# EXERCISE GOAL:
Begin the reply with the line containing "Perceeloppervlakte Leonard Roggeveenstraat" and end it with the final line of the listing, reproducing every line between exactly and adding nothing.

# EXCERPTED DATA:
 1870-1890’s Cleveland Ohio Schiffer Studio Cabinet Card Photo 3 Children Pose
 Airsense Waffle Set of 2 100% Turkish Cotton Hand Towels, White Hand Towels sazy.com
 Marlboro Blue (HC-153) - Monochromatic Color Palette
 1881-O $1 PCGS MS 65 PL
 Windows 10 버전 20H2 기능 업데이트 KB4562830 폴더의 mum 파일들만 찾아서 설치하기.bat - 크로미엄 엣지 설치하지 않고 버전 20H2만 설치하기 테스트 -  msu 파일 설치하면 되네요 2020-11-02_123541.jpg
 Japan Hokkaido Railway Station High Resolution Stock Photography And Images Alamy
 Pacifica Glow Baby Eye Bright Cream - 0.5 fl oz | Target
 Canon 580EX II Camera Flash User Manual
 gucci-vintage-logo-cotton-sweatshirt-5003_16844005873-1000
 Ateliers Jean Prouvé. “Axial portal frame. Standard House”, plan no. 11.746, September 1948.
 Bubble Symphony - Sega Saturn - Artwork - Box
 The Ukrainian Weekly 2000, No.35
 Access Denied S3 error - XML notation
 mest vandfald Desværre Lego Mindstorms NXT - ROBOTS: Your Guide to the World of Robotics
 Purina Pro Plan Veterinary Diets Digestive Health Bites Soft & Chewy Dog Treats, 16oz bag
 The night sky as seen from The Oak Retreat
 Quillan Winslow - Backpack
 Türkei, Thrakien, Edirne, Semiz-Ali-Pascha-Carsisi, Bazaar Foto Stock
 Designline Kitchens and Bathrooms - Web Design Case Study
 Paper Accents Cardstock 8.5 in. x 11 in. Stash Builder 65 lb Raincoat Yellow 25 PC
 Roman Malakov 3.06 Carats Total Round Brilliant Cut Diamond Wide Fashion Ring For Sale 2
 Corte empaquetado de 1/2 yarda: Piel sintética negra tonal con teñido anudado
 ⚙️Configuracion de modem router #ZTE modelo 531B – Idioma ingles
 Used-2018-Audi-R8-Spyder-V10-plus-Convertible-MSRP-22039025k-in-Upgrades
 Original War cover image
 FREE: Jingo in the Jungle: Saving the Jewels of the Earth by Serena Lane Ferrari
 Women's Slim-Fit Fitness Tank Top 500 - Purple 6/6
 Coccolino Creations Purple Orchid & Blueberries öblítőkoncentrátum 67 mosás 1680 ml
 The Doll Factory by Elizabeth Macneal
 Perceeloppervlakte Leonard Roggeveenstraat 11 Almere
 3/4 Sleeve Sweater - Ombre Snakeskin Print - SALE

# SOLUTION TO THE PROBLEM:
 Perceeloppervlakte Leonard Roggeveenstraat 11 Almere
 3/4 Sleeve Sweater - Ombre Snakeskin Print - SALE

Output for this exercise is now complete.